Representative prediction outcomes. The query plasmid is represented by the node with the red inner circle. For all other nodes, the color of the inner circle represents the PTU assigned in the reference database (i.e. using only RefSeq84 plasmids). The outer ring colors represent the PTU assigned by COPLA. Yellow represents the PTU assigned to the query, green corresponds to nodes belonging to a different PTU, and grey represents not assigned PTUs. Case 1: the query represents a singleton. Case 2: the query belongs to a cluster with one or two members. A PTU cannot be assigned. Case 3: the query belongs to a cluster with three members. COPLA predicts a “new putative PTU”. Case 4: the query links together isolated plasmids to organize a 4-member cluster. COPLA predicts a “new putative PTU”. Case 5: the query clusters with the members of a known PTU. COPLA predicts that query belongs to that PTU. Case 6: the query links peripherally to a cluster corresponding to a known PTU. However, either the number of connections is not enough to fulfill the intercluster density rule, or the size of the query is not compatible to that of the PTU (see “Building the PTU reference catalog” in Implementation). COPLA output indicates that no PTU can be assigned to the query. Case 7: the query links peripherally to a cluster corresponding to a known PTU. The query organizes a subcluster of four members that does not fulfill the rules to integrate in the PTU. COPLA output predicts a “new putative PTU”. Case 8: As in case 7, the query organizes a subcluster that does not fulfill the rules to integrate in the PTU. Furthermore, it drags one member of the PTU to the new cluster. COPLA output predicts a “new putative PTU”. Case 9: the query significantly alters the structure of a known PTU. COPLA output predicts a “new putative PTU”. It also warns that “query is related to PTU-… plasmids”. See additional details and explanations in the main text (Discussion)

The third outcome, that is, the assignation of the query to a PTU that was previously undefined, may occur in a number of ways, as shown in cases 3, 4, 7, 8 and 9 in Fig. 2. The query may be assigned to a cluster with at least 3 other members that did not have a PTU assignation in the reference network (cases 3 and 4). In these cases, the COPLA output indicates that a new potential PTU has been identified for the query. The query may also cluster with > 4 plasmids which showed links to existing PTUs, but there was no PTU assignment for all (case 7) or most of them (case 8). These cases, specially case 8, must be examined carefully. Often, this kind of result is produced by the clustering artifacts produced by large mobile genetic elements or when the query is in fact a cointegrate of two different plasmids. In these cases, it may help to examine the additional information of the COPLA output, such as the MOB, MPF and Rep types. If present, they should coincide with those of the proposed members of the new PTU.

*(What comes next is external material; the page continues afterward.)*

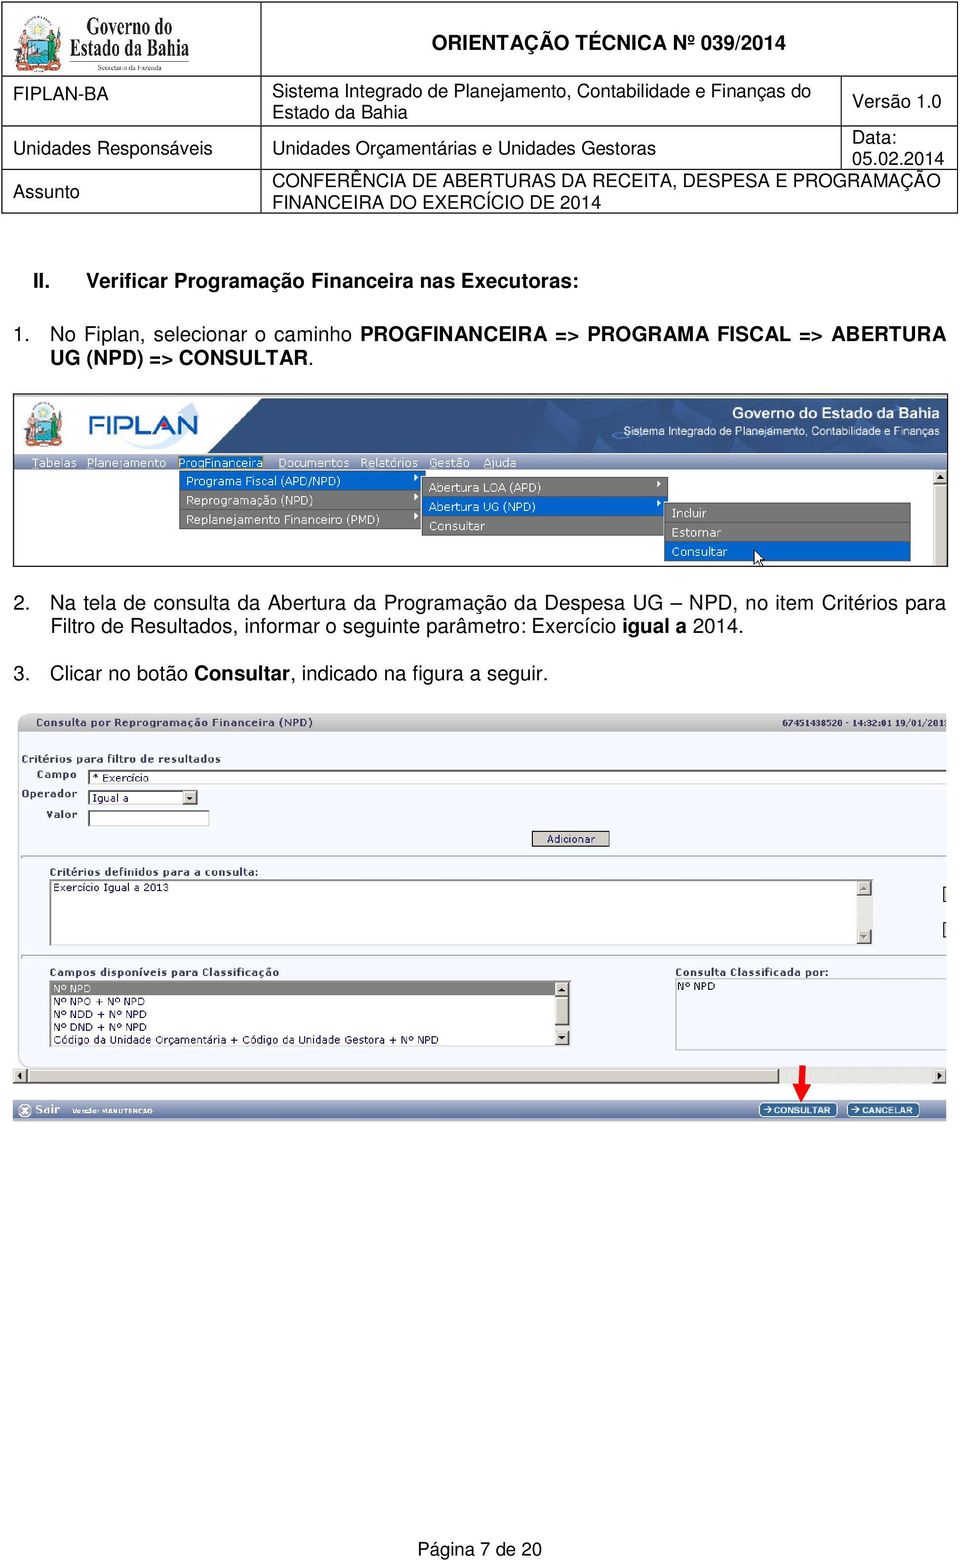 2. Na tela de consulta da Abertura da Programação da Despesa UG NPD, no item Critérios para Filtro

The most complicated case is 9, in which the addition of a new query “breaks” an existing PTU, yielding a new statistically significant group. In our experience with the 1000 plasmids tested, this only happened in the case of PTU-FE, a PTU that includes Escherichia coli plasmid F. As reported in our previous analysis, PTU-FE is controversial [5]. It shows a borderline intercluster density, and various “nascent” subgroups may be identified within it [5]. Thus, any query plasmid that forms a new PTU with members of PTU-FE must be analyzed with caution. The most conservative assumption is to assume that the query belongs to the larger PTU (PTU-FE, most likely) but it would be advisable to conduct further genomic comparisons to determine if the partition identified by COPLA is significant, and a sub-group with a coherent genome can be identified. This latter situation may represent a group of plasmids in the process of speciation, where increasingly lower recombination causes the progressive separation of the different subspecies in the graph [5].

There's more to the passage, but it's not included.